Шрифт:
Умирая в себе
Глава 1
Что ж, пора снова двигаться в центр, в университет, чтобы подзаправиться долларами. Мне не так уж много и требуется на прокорм – баксов двести в месяц. Но запасы поистощились, и я не решаюсь снова занимать у сестры. А студентам вскоре сдавать первые сочинения за семестр. Это надежный бизнес. Вот и подоспела пора мобилизовать утомленный до изнеможения мозг Дэвида Селига. В это прекрасное золотое осеннее утро у меня, быть может, получится набрать заказов долларов на семьдесят пять. Воздух чистый, живительный, высокое давление вытеснило из Нью-Йорка сырость и туман. В такую погоду моя хиреющая сила расцветает снова. Итак, отправимся, ты и я, как только утро прогонит тьму с небес, на метро, на станцию «Бродвей». Приготовьте билеты, пожалуйста!
Ты и я. А кому я, собственно, это говорю? Я же собираюсь ехать в центр в полном одиночестве. Ну конечно, я обращаюсь к самому себе, а также к тому
Сейчас 10.43 по нью-йоркскому времени. Средняя температура в Центральном парке – 57 градусов. Влажность – 29 %, на барометре 30.30 и прослеживается тенденция к падению. Ветер северо-восточный, 11 миль в час. По прогнозу ясное небо и солнечно днем, вечером и завтра утром. Вероятность осадков сегодня равна нулю, завтра – 10 процентов. Показатель качества воздуха выше среднего. Дэвиду Селигу 41 год. Высоковат, худощавая фигура холостяка, который сам себе готовит скудную пищу. Обычное выражение лица – недовольно-озадаченное. Немного щурится. В своей темно-синей джинсовой куртке, тяжелых башмаках и полосатых брюках по моде 1969 года он выглядит чрезвычайно молодо, по крайней мере фигурой; в целом же он похож на человека, сбежавшего из закрытой лаборатории, где занимаются тем, что сажают лысоватые головы людей зрелого возраста на тела подростков. Как это произошло? С какого времени начали стареть его лицо и прическа?

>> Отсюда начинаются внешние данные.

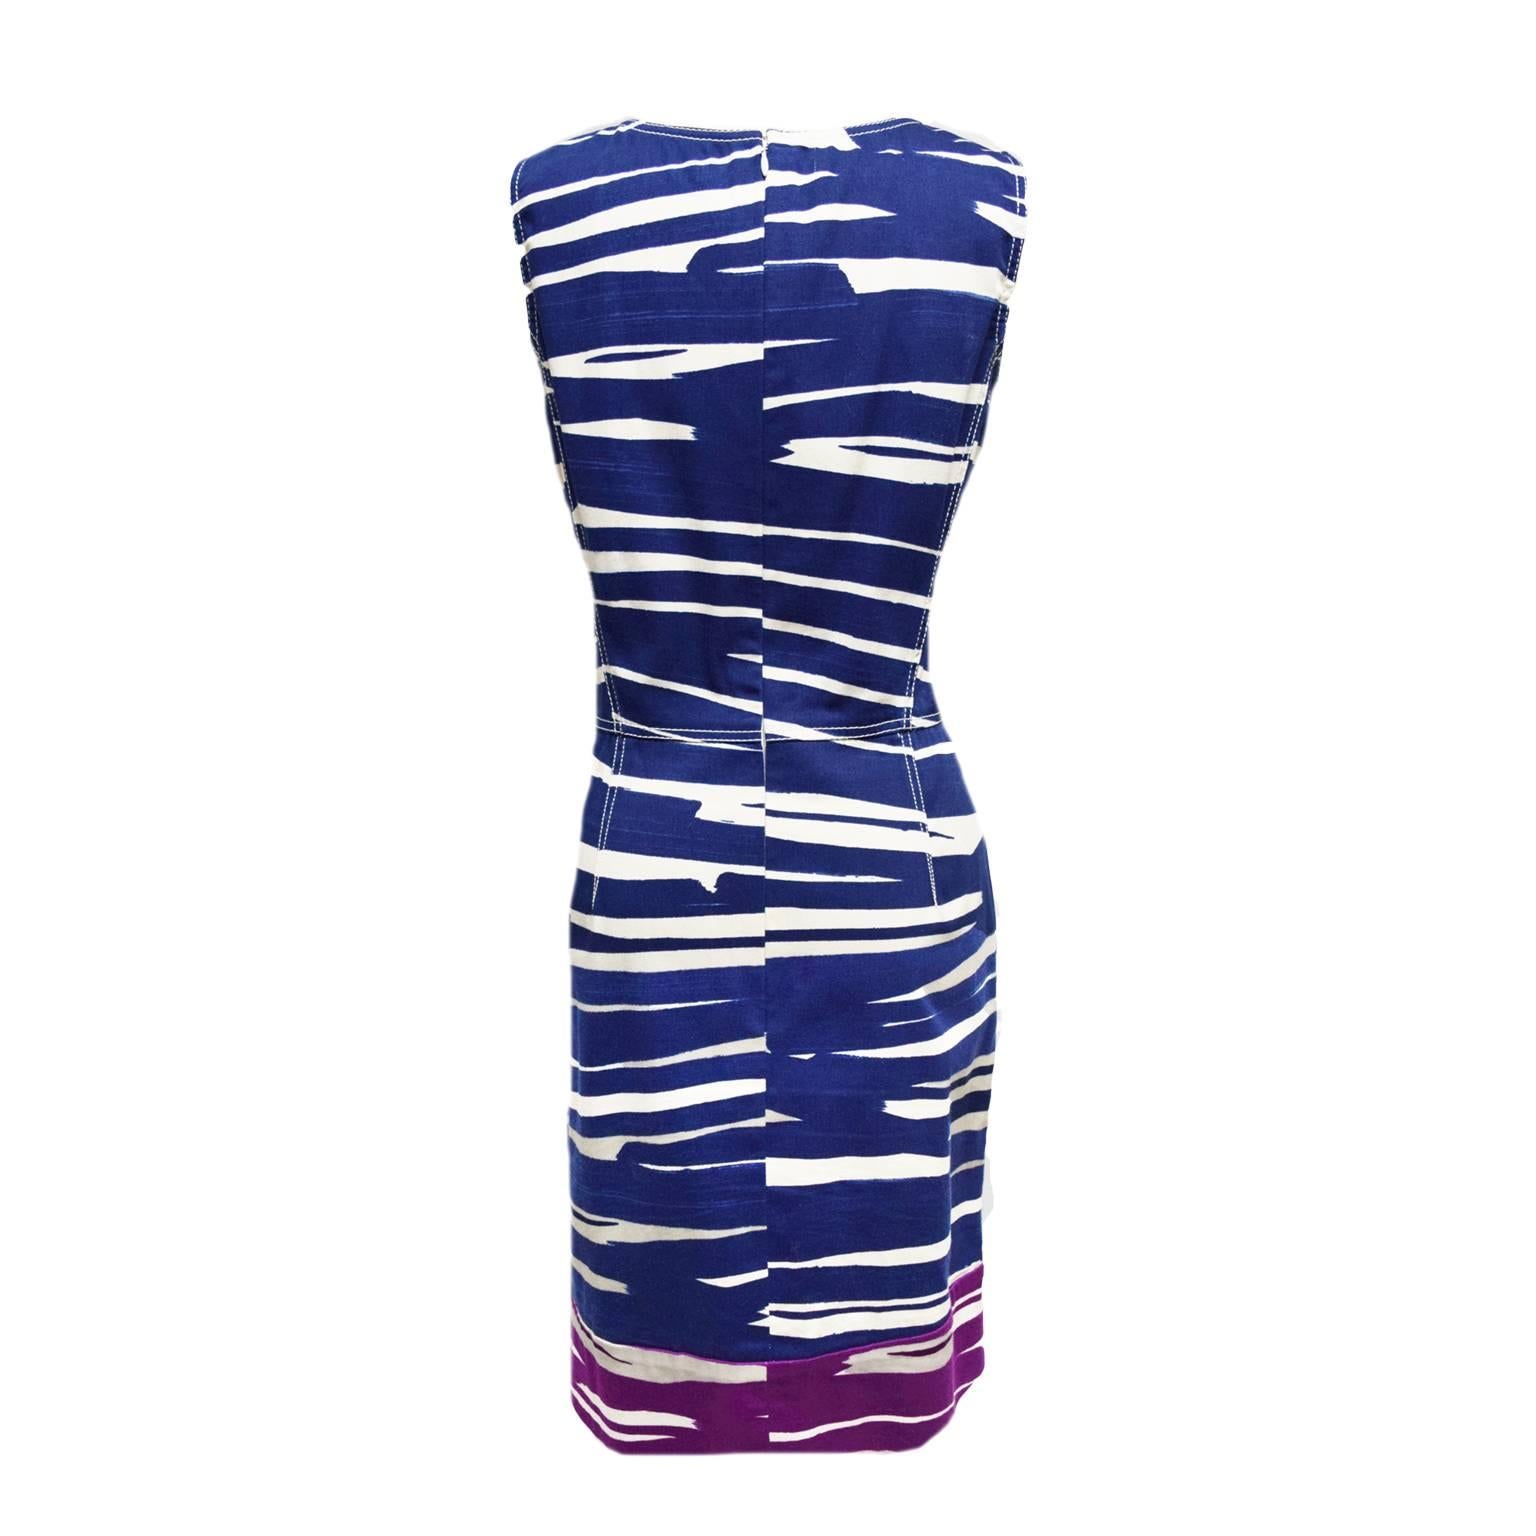 This dress by Oscar de la Renta is made of 100% cotton. The dresses print is an animal like striped print and is color blocked in blue and purple. The dress has an empire waist and a back zipped closure.

Обвисший кабель насмешливо скрипит, когда Селиг выходит из своей двухкомнатной квартиры на 12-м этаже. Пожалуй, этот ржавый кабель старше, чем он сам. Он-то 1935 года рождения, дом же построен, вероятно, в 1933-м или 1934-м, во времена достопочтенного мэра Фиорелло Ла-Гардия. Но, может быть, и позже, перед войной, во всяком случае. (А помнишь 1940 год, Дэвид? Тебя тогда взяли на Всемирную выставку.) Так или иначе, здания потихоньку стареют. А что не стареет?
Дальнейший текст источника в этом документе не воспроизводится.